* [ASSIGNMENT] From the line containing "من أول من سمى شهر رمضان بهذا الاسم؟ Image" down to the line containing "Une image évocatrice", copy out the entries below exactly, both lines included, and nothing else; pictures do not belong in the copy.

START DATA

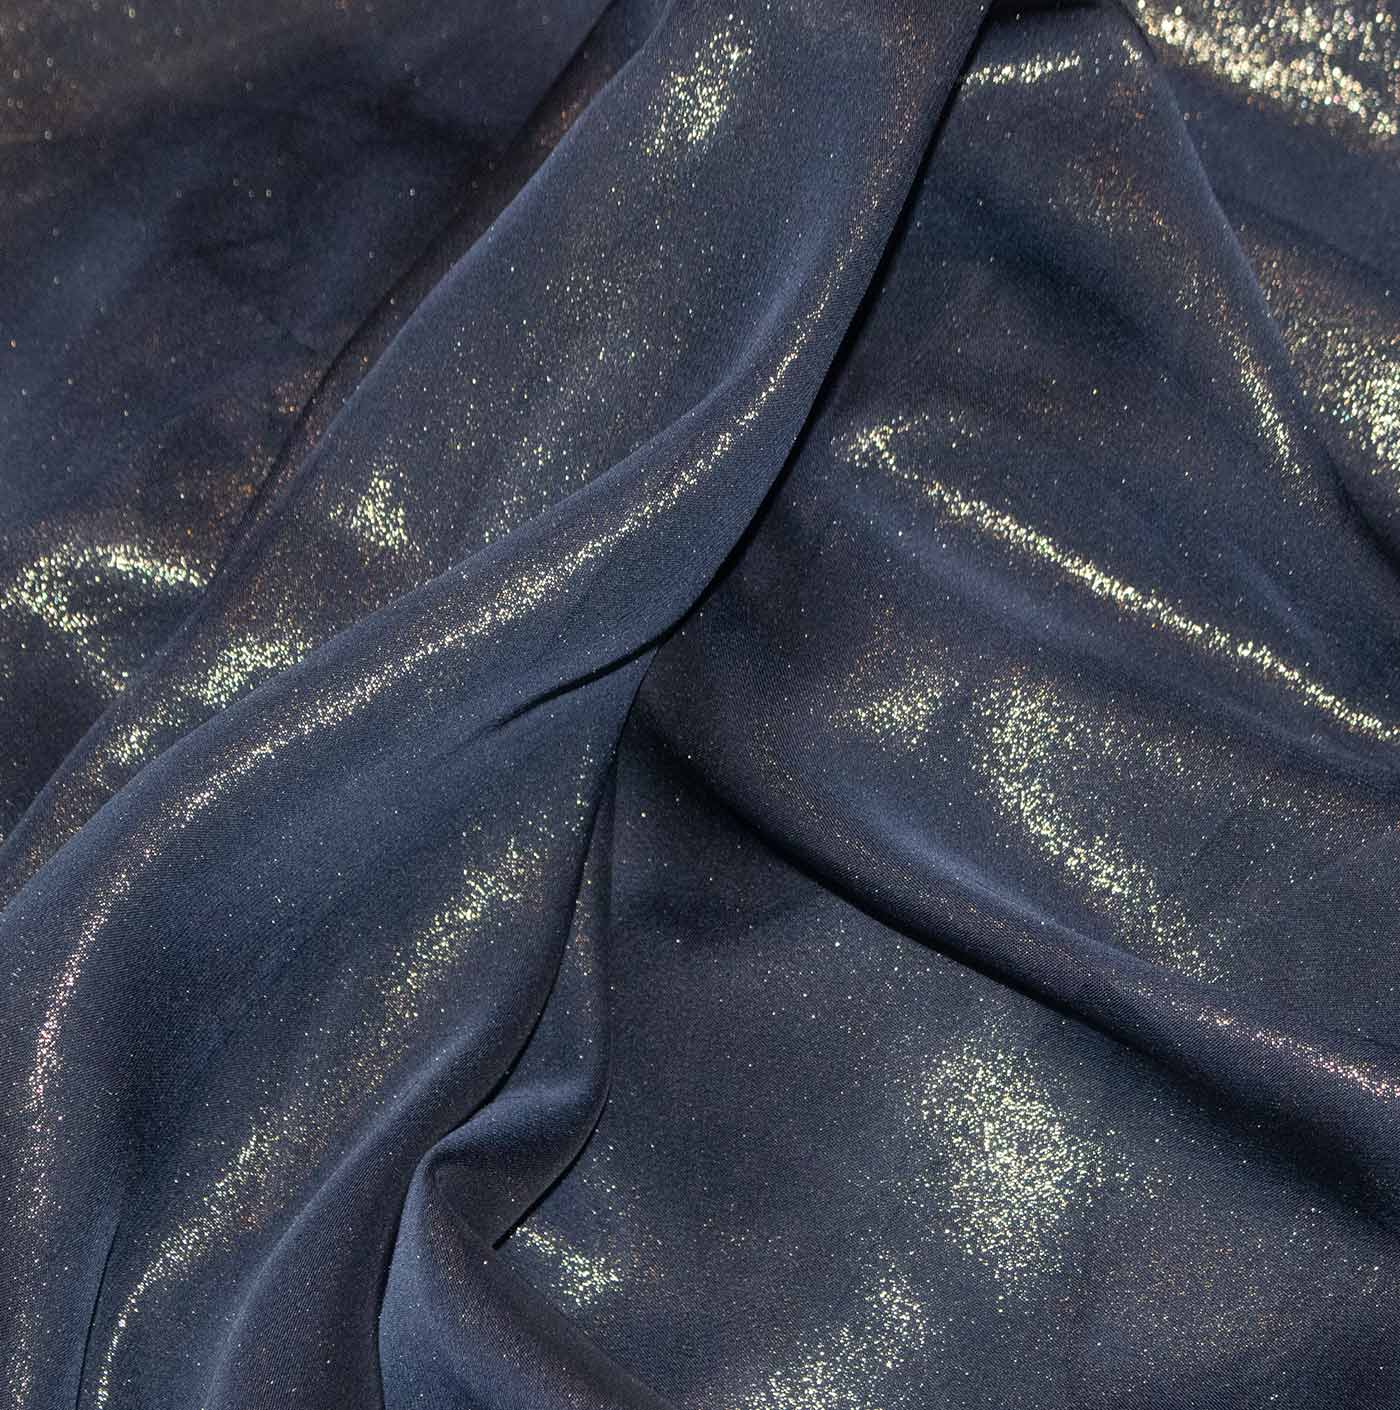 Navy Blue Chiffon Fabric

END DATA
START DATA

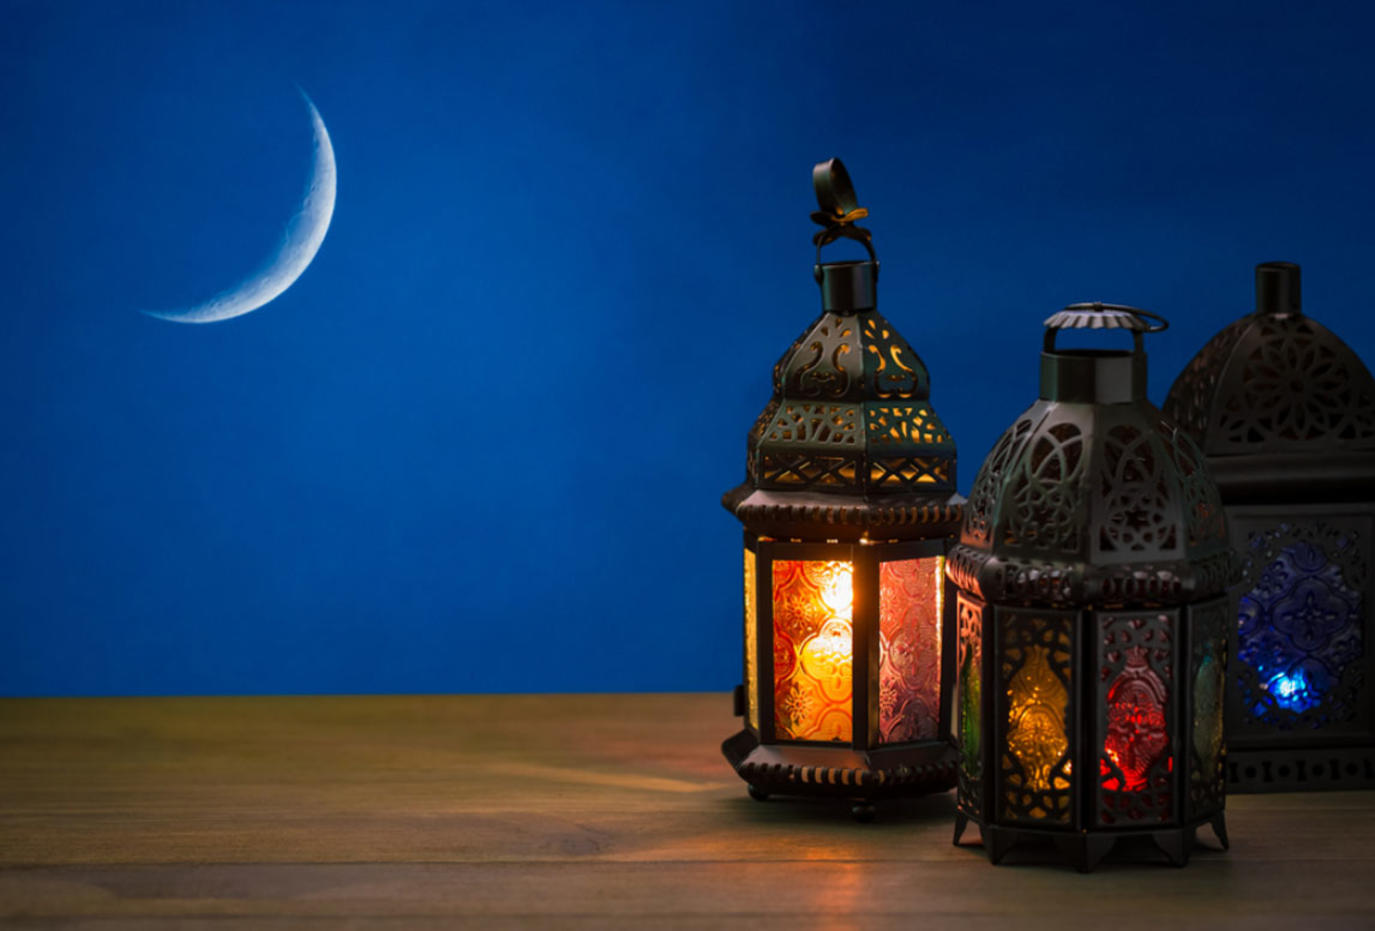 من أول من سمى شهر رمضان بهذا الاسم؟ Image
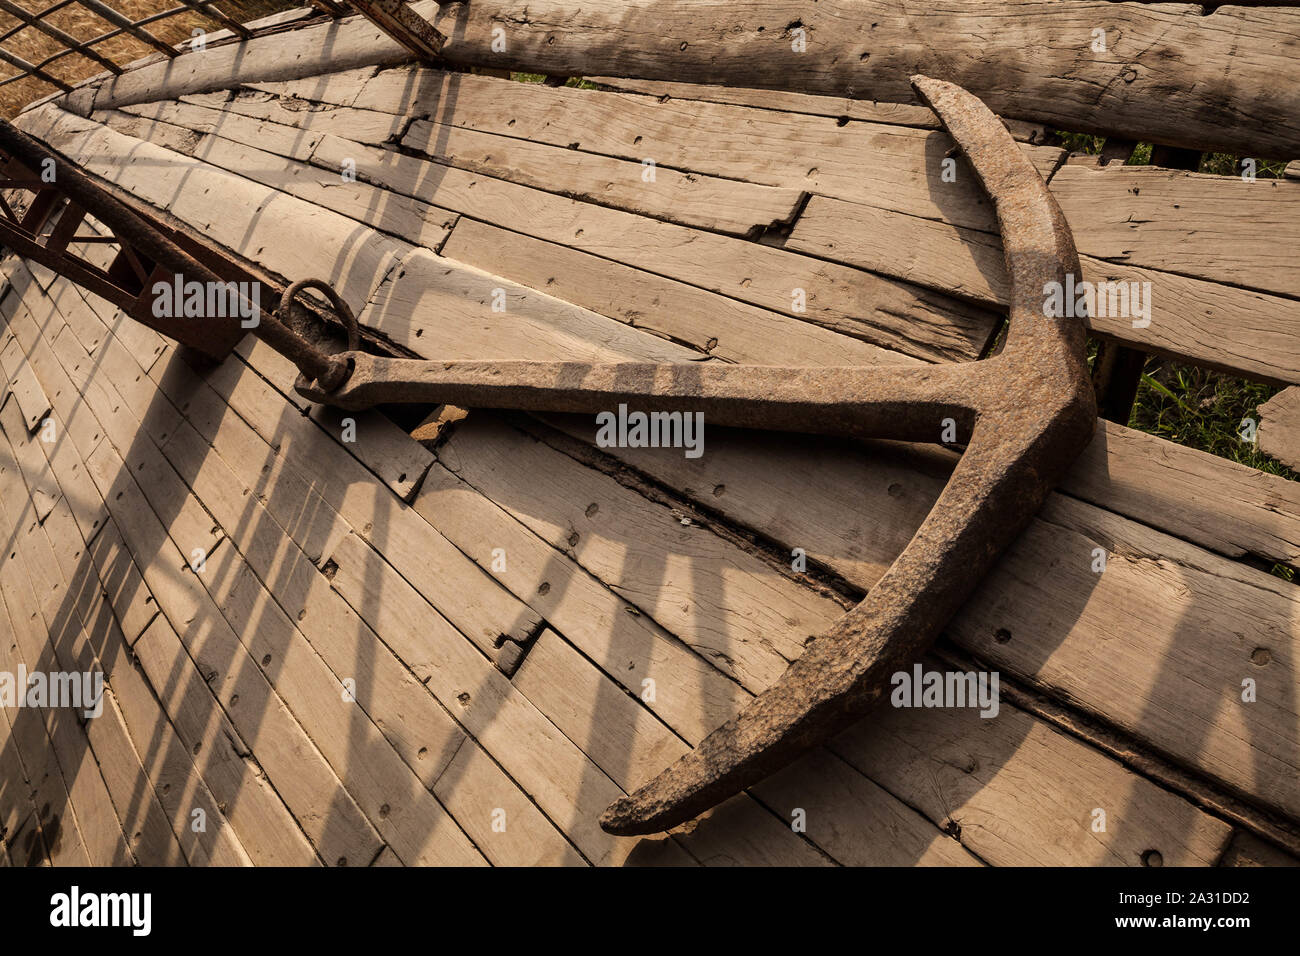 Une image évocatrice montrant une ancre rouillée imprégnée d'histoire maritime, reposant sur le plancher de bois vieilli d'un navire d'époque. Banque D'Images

END DATA

* [RESPONSE TO THE TASK]
 من أول من سمى شهر رمضان بهذا الاسم؟ Image
 Une image évocatrice montrant une ancre rouillée imprégnée d'histoire maritime, reposant sur le plancher de bois vieilli d'un navire d'époque. Banque D'Images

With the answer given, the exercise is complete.